Since I started my business at the Fireweed Market, I got a lot more involved with them. I've been on the board since 2017. And, as a community market, we were really trying to push the local made goods, local harvested goods and local consumption. So, we started what we call the Blue Ribbon challenge. The goal was to get vendors shopping at other vendors — for example, the burger truck shopping to get their lettuce at the farmers stand. As a board member, I felt it was important to support my peers, but I didn't really know if I could do that with popcorn. At the time I only made sweet and salty popcorn, so it was a bit of a challenge to myself to see how I could do that. One of our first flavours was dill pickle — we got fresh dill and the chives from the local farmers. Pumpkin Spice was another one of our first flavours. Once you started experimenting, it got the ball rolling. Today we have over 50 flavours


How does the Yukon inspire the ingredients you use?
We have a really strong community up here, and a really strong business community. One of my favourite parts of my job is just making connections with people. That leads into using each other's products as well. There are a couple of products that I've worked on with other small businesses — my favourite is probably the birch caramel. We work with Uncle Darwin's birch serum. He's a super small harvester, we're lucky to be able to work with him. Their syrup has an amazing and unique flavour. It truly is a taste of the Yukon.

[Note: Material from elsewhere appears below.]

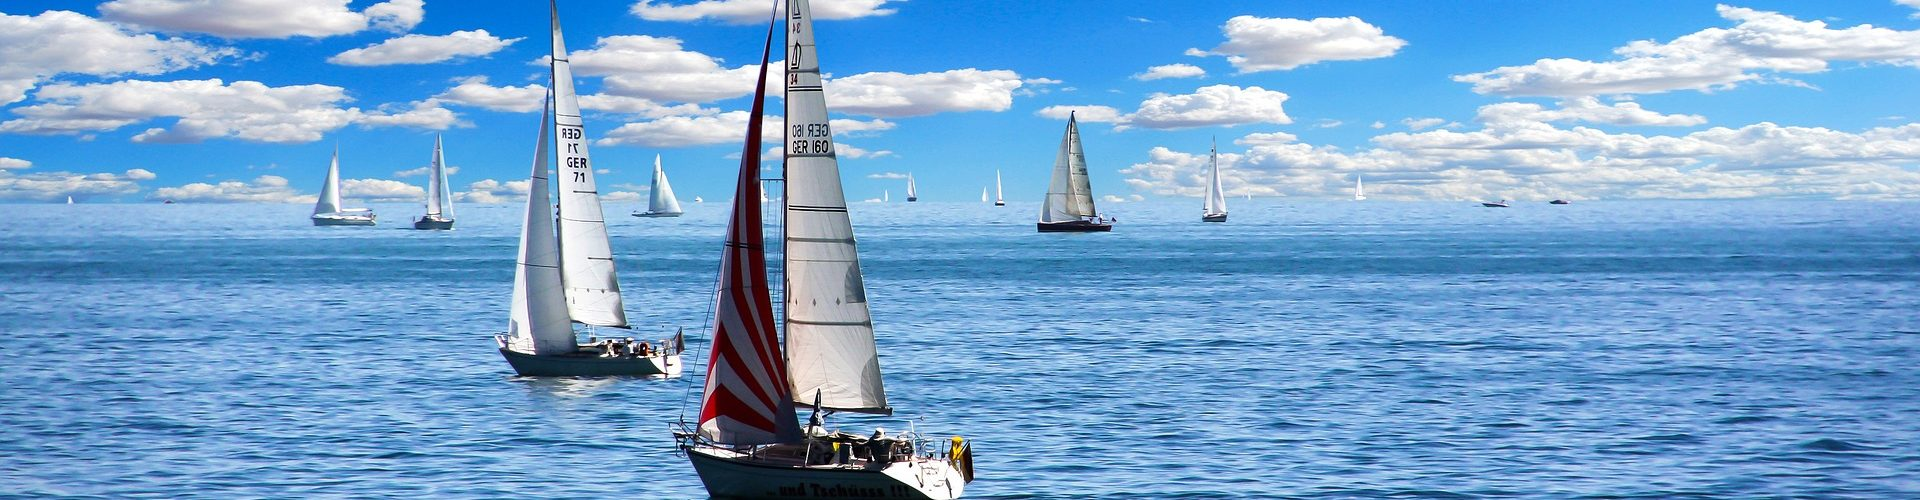 segeln lernen in Damme segelschein machen in Damme 1920x500 - Segeln lernen in Damme

One of our other popular flavours is the Dill and Spruce Tip. Although spruce tips grow all over Canada, it’s not super common to eat them. But in the Yukon it is, and they’re used in a lot of different products. The closer you get to the coastal forest, the spruce tips are bigger and a lot more citrusy. So sometimes we go down there and harvest them.

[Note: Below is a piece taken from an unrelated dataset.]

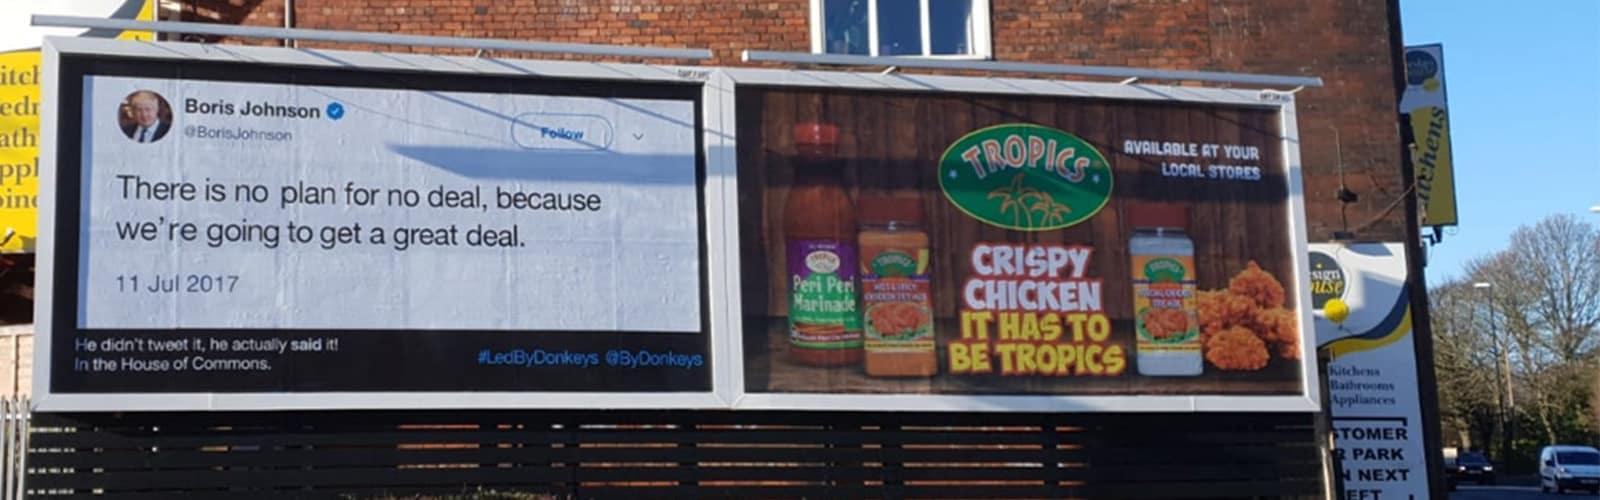 Brexit billboard campaign

How does your business allow you to connect with your community?
The reason that my husband and I, and our family, are up here is for all the access to the outdoor activities that the Yukon has. So we're all about getting out and spending time on the ocean or in the mountains, and we share that with so many other Yukoners. Long weekends are when the grocery store gets raided for popcorn — everyone's going to be grabbing a bag, hitting the road, getting out of town, sitting around a campfire with a bag of popcorn. That's why, last year, we actually had a contest that ran through the summer. It was called #kkcadventure. We got people to share pictures of them eating our popcorn on their adventures. It was so cool. We had so many people from our community, and across Canada enter the contest. It was really exciting to see people enjoying our product and sharing their stories. 

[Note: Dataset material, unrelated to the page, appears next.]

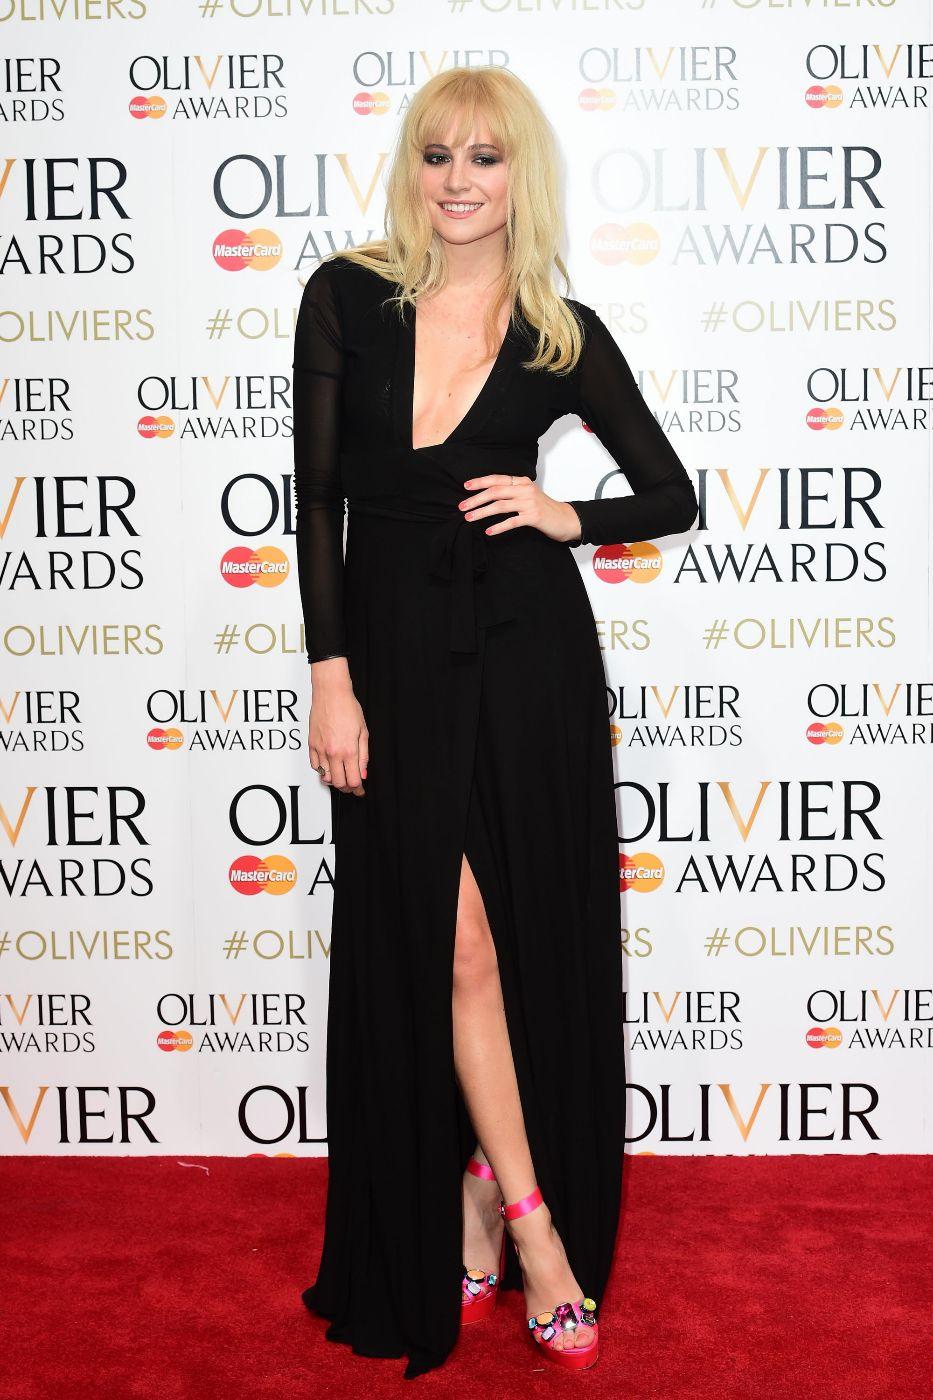 Pixie_Lott_Olivier_Awards2015

Where does the popcorn production happen?
Right now production is in the shop on my property, which is about 20 minutes outside of town. But we've got a new building being built that's in Whitehorse. That extra space means we'll be able to purchase more equipment, so we'll be able to actually start implementing our marketing plans. It's a really exciting time for us because we're growing so much. When we think back to how small we started, now I have two full-time girls working for me, they're both also moms. So they can work the same hours that their kids are in school and they can still pick up and drop off. They can take off PD days, they can take off holidays and it's is the same values that I built the company on. It feels really good to be able to now provide that employment opportunity to other people.


How do you cultivate joy?
Definitely maintaining that work-life balance, getting outside and enjoying the outdoors. It’s also super fun collaborating with different businesses. We love experimenting with different flavours. Just making coffee dates, and going out for lunch with people, and building honest relationships. That's definitely how I've built community around my business — just being open to people and sharing my story. It’s been wonderful.